Of course he would choose waterboarding over getting his fingers smashed by a sledgehammer.

He already did.

He did one and not the other.

Not to discount how awful an experience it was, but his actions belie his rhetoric.

Course it would have been much harder to type the effect had his fingers been smashed and he likely would have been committed somewhere after telling people what he had done. I guess waterboarding himself isn't as much cause for psychological worry.

Cedarford said...

Slim999 has it right. A Lefty BDS sufferer out to make an Internet show out of himself so he can call waterboarding the penultimate in torture - and equate it to real, gruesome torture. (which he wisely refuses to experiment with..."I had a friend then start smashing all my fingers with a sledgehammer next, just to verify waterboarding was worse, but we stopped at the 1st finger..."

We already have a very large cadre of people to ask about it and whether or not they would choose to have all their fingers smashed by a sledgehammer instead. That would be the tens of thousands of Americans who have been waterboarded over the years at US military SERE (Survival Evasion Resistance Escape) school. A few such graduates have posted here with Ann Althouse describing it and simultaneously saying it works in getting accurate truthful info from the subject and endorsing it's use on terrorists to save American lives.

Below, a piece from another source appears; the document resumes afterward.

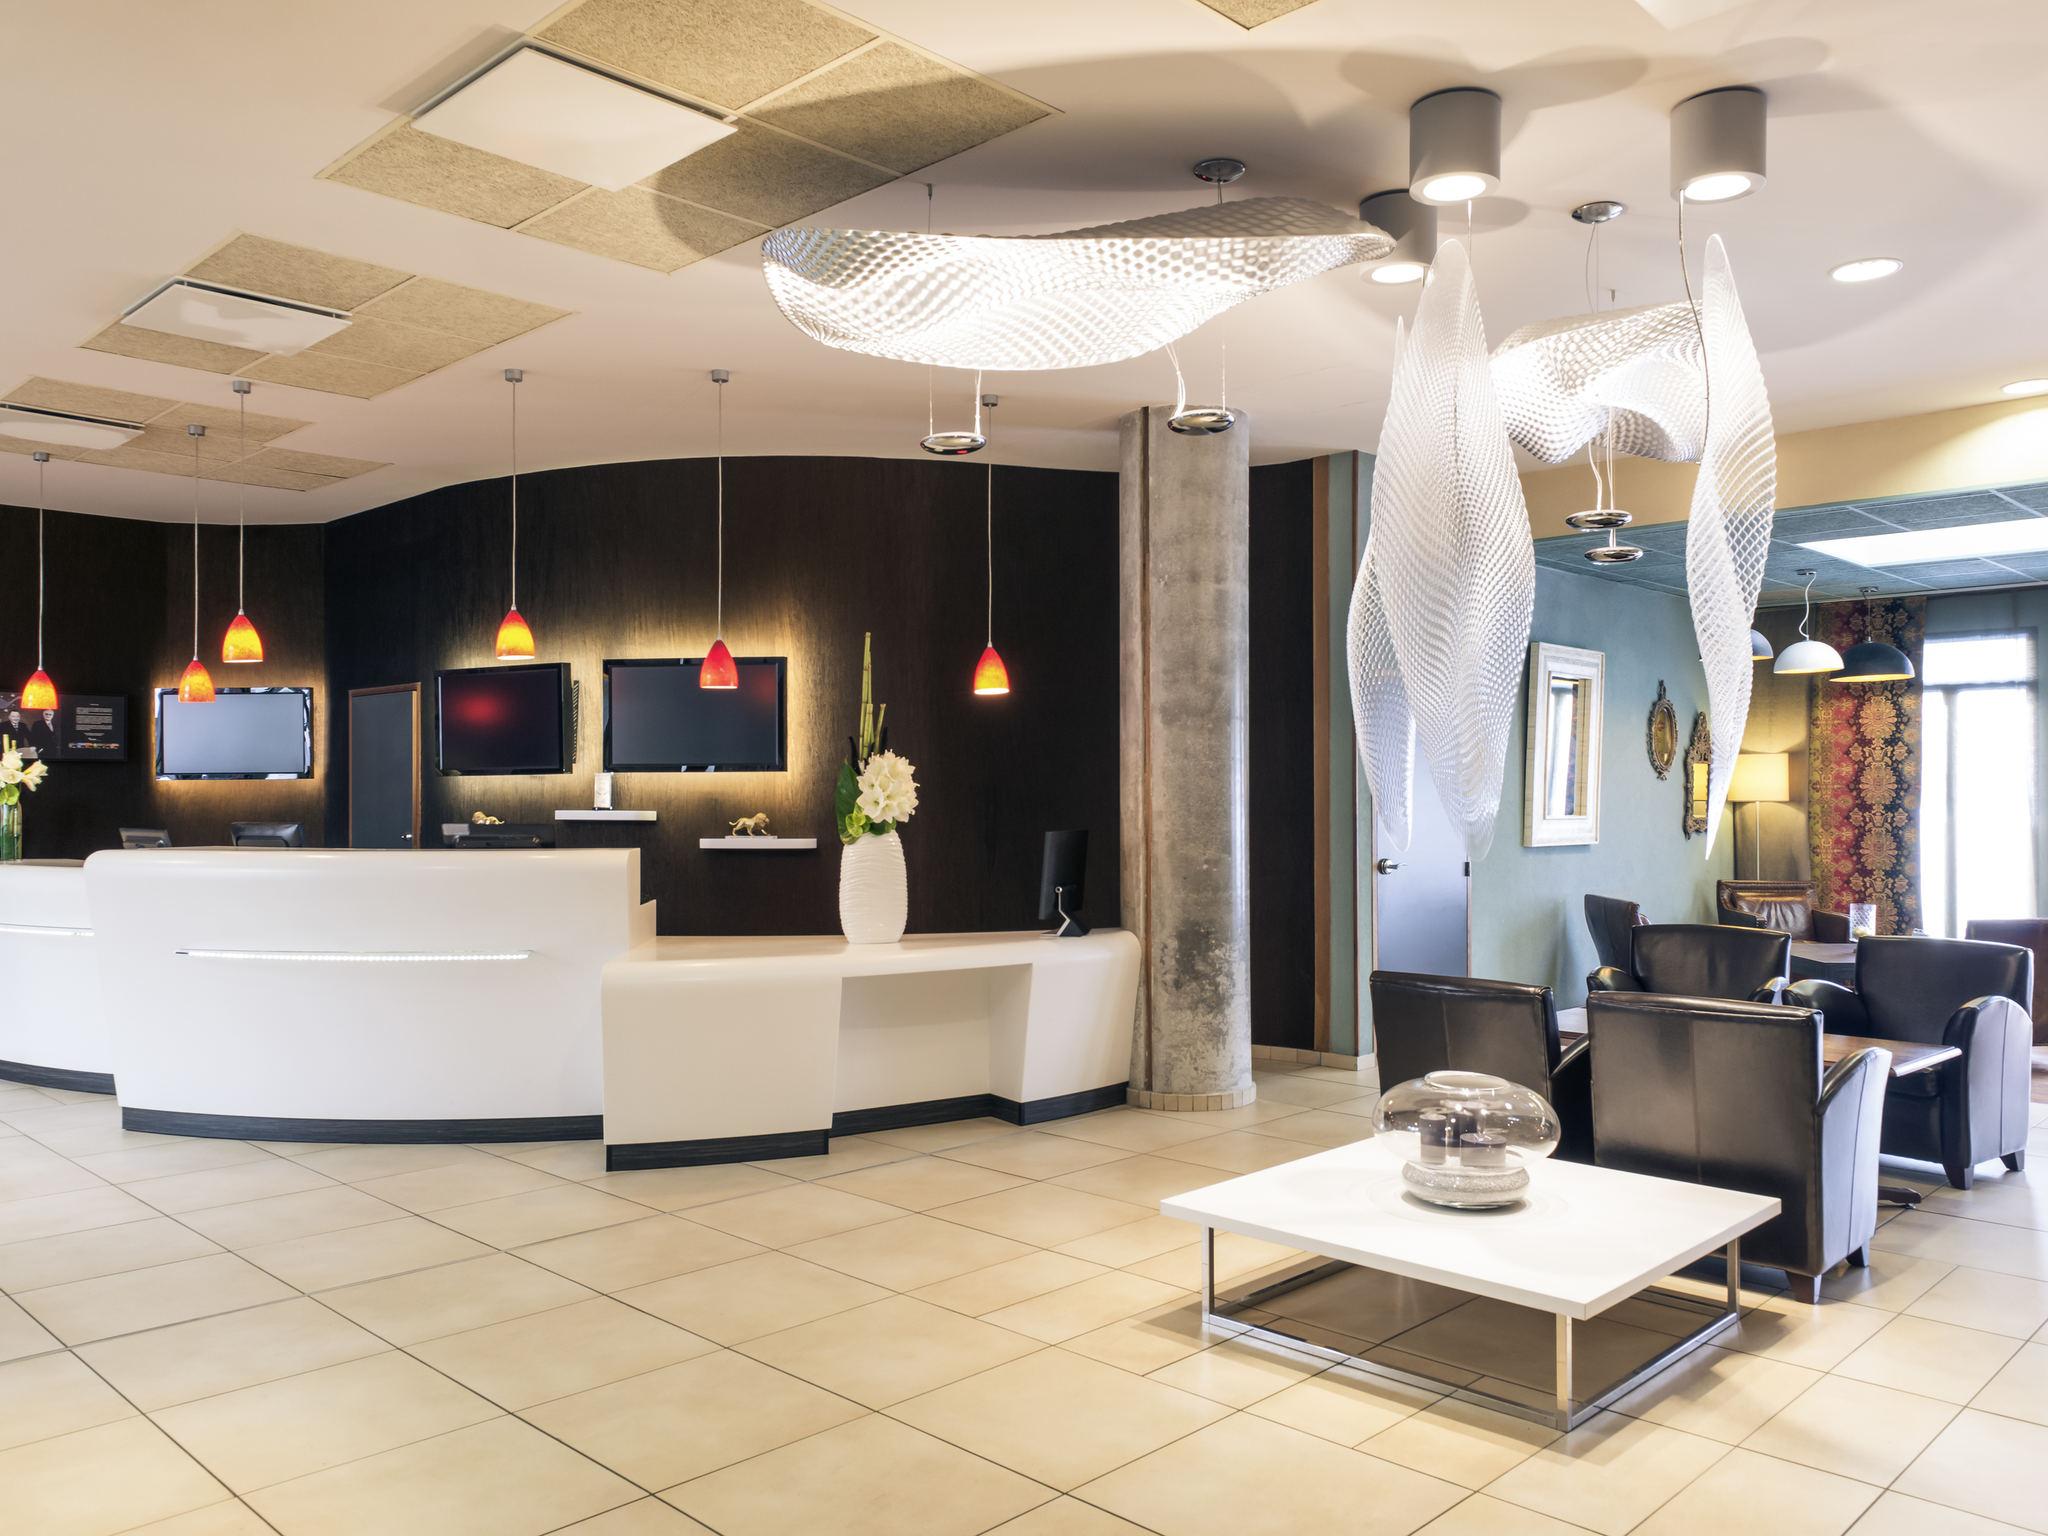 Otel – Mercure Lyon Centre - Gare Part Dieu oteli

Their opinion is it is most unpleasant, but not in any way bad enough they would prefer all their fingers smashed or other grisely torture, to it.

Perhaps another choice.

1. Decide that thousands having a choice between jumping from or burning to death in the WTC or future victims of Jihad in similar circumstances is far more terrible than waterboarding just 3 enemy Islamists who target civilians over the last 6 years. A technigue that offers no excrutiating pain or lasting physical harm. Continue work on scientifically advancing other interrogation methods such as drugs, brain scans that can get life-saving info and make waterboarding obsolete.

OR

2. Decide that terrorist rights under laws and conventions they reject following themselves trump saving innocent lives.

EnigmatiCore said...

Reading some excerpts, I came across this (ellipsis mine):

"There was no choice, or chance, and willpower was not involved.
I never felt anything like it... where I was ... never in any danger."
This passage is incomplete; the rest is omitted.